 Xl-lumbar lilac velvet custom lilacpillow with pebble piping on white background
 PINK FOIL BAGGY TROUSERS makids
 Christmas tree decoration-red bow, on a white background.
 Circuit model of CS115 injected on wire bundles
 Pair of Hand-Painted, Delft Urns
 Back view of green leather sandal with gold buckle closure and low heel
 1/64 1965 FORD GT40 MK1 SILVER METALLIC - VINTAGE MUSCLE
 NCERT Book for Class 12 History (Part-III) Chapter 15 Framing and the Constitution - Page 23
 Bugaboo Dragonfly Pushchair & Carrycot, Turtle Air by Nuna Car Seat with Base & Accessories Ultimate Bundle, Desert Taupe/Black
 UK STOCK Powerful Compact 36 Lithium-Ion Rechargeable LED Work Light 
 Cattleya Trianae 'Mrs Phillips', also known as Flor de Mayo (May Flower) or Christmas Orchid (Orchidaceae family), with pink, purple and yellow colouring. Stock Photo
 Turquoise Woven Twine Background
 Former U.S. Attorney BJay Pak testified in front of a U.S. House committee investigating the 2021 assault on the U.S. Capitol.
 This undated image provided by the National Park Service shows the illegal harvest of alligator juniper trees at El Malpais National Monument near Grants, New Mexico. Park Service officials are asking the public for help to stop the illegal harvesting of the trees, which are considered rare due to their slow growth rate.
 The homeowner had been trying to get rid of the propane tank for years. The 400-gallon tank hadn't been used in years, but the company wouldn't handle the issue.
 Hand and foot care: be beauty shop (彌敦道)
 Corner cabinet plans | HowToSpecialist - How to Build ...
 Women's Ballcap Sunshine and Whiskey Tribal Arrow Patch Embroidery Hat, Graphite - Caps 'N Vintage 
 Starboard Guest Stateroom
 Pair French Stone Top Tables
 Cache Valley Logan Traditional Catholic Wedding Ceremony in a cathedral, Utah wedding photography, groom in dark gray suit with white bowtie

(WHAT YOU NEED TO DO):
All the data is to be copied over exactly as it stands.

(ANSWER SPACE):
 Xl-lumbar lilac velvet custom lilacpillow with pebble piping on white background
 PINK FOIL BAGGY TROUSERS makids
 Christmas tree decoration-red bow, on a white background.
 Circuit model of CS115 injected on wire bundles
 Pair of Hand-Painted, Delft Urns
 Back view of green leather sandal with gold buckle closure and low heel
 1/64 1965 FORD GT40 MK1 SILVER METALLIC - VINTAGE MUSCLE
 NCERT Book for Class 12 History (Part-III) Chapter 15 Framing and the Constitution - Page 23
 Bugaboo Dragonfly Pushchair & Carrycot, Turtle Air by Nuna Car Seat with Base & Accessories Ultimate Bundle, Desert Taupe/Black
 UK STOCK Powerful Compact 36 Lithium-Ion Rechargeable LED Work Light 
 Cattleya Trianae 'Mrs Phillips', also known as Flor de Mayo (May Flower) or Christmas Orchid (Orchidaceae family), with pink, purple and yellow colouring. Stock Photo
 Turquoise Woven Twine Background
 Former U.S. Attorney BJay Pak testified in front of a U.S. House committee investigating the 2021 assault on the U.S. Capitol.
 This undated image provided by the National Park Service shows the illegal harvest of alligator juniper trees at El Malpais National Monument near Grants, New Mexico. Park Service officials are asking the public for help to stop the illegal harvesting of the trees, which are considered rare due to their slow growth rate.
 The homeowner had been trying to get rid of the propane tank for years. The 400-gallon tank hadn't been used in years, but the company wouldn't handle the issue.
 Hand and foot care: be beauty shop (彌敦道)
 Corner cabinet plans | HowToSpecialist - How to Build ...
 Women's Ballcap Sunshine and Whiskey Tribal Arrow Patch Embroidery Hat, Graphite - Caps 'N Vintage 
 Starboard Guest Stateroom
 Pair French Stone Top Tables
 Cache Valley Logan Traditional Catholic Wedding Ceremony in a cathedral, Utah wedding photography, groom in dark gray suit with white bowtie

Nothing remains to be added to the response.